I've only just realized that I should plan my spinning for dyed braids more intentionally—my third and fourth lessons.
Third lesson: Intentional planning means beginning with the end in mind.
These days, I use handspun for knitting (until I can carve out time to explore weaving). In knitted or crocheted projects, multicolor yarn does best in simpler fabrics, where texture doesn't fight with or get lost in the changing colors. That means emphasizing horizontal lines instead of vertical ones: welts or stripes instead of cables, allover lace panels instead of tiny, intricate motifs; slip stitches in 1 color, such as linen stitch; stranded colorwork or 2-color slip stitch patterns; ombré.

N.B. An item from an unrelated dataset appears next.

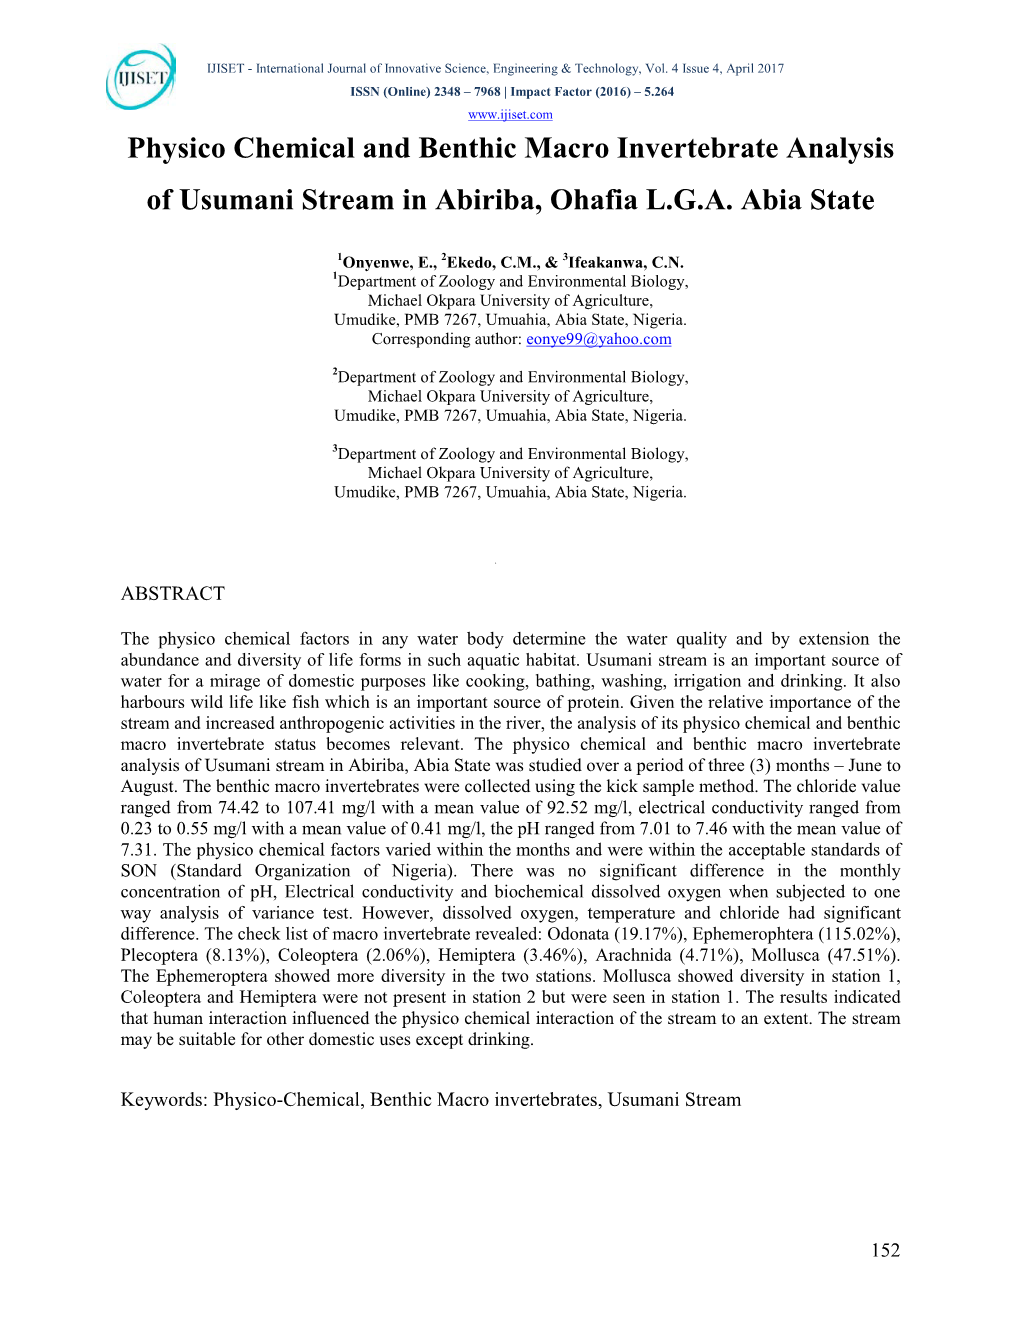 Physico Chemical and Benthic Macro Invertebrate Analysis of Usumani Stream in Abiriba, Ohafia L.G.A. Abia State

Fourth lesson: Plan your handspun yarn’s color pattern by deciding how much you want to preserve or blend the braid’s colors.
There's a wide spectrum between wholly blended colors and wholly separate colors—you get to choose! In their books, Jillian and Felicia offer comprehensive discussions of spinning techniques and how they play with different aspects of a handspun yarn.
Fifth lesson: Add reference cards for color to your spinning journal. I want as much yardage as possible from a precious 4-ounce braid; I don't want to use up that fiber in sampling. Color reference cards let me sample with "nano" skeins of about 10 yards.
For me, sampling a hand-dyed braid happens in stages. There's skein sampling, where I evaluate color interaction within the yarn itself. Then there's fabric sampling, looking at the colors in a fabric swatch (in my case, knitted fabric). Color reference cards can help with both parts.
You may already know how to make a spinning journal with samples for different yarn weights, plies, and woolen/worsted drafting. Once you make a reference card for a 2-ply DK yarn, you don't have to waste time and fiber every time you want to reproduce that yarn.
Now, start building a similar collection for color techniques. Make reference cards from nano skeins, including lengths of the finished yarn and notes about how you prepped, spun, and plied the fiber. Now you've got ideas and records for future skein sampling. Add a knitted/crocheted/woven swatch, and you can easily plan how to use the yarn.
- As you're creating this collection of color reference cards, use every hand-dyed braid to learn—just like Jillian and Felicia did on their way to becoming color goddesses. How do the colors interact in the braid, in the skein, and in the fabric? Most importantly, do you like the results you're getting? That's the final test.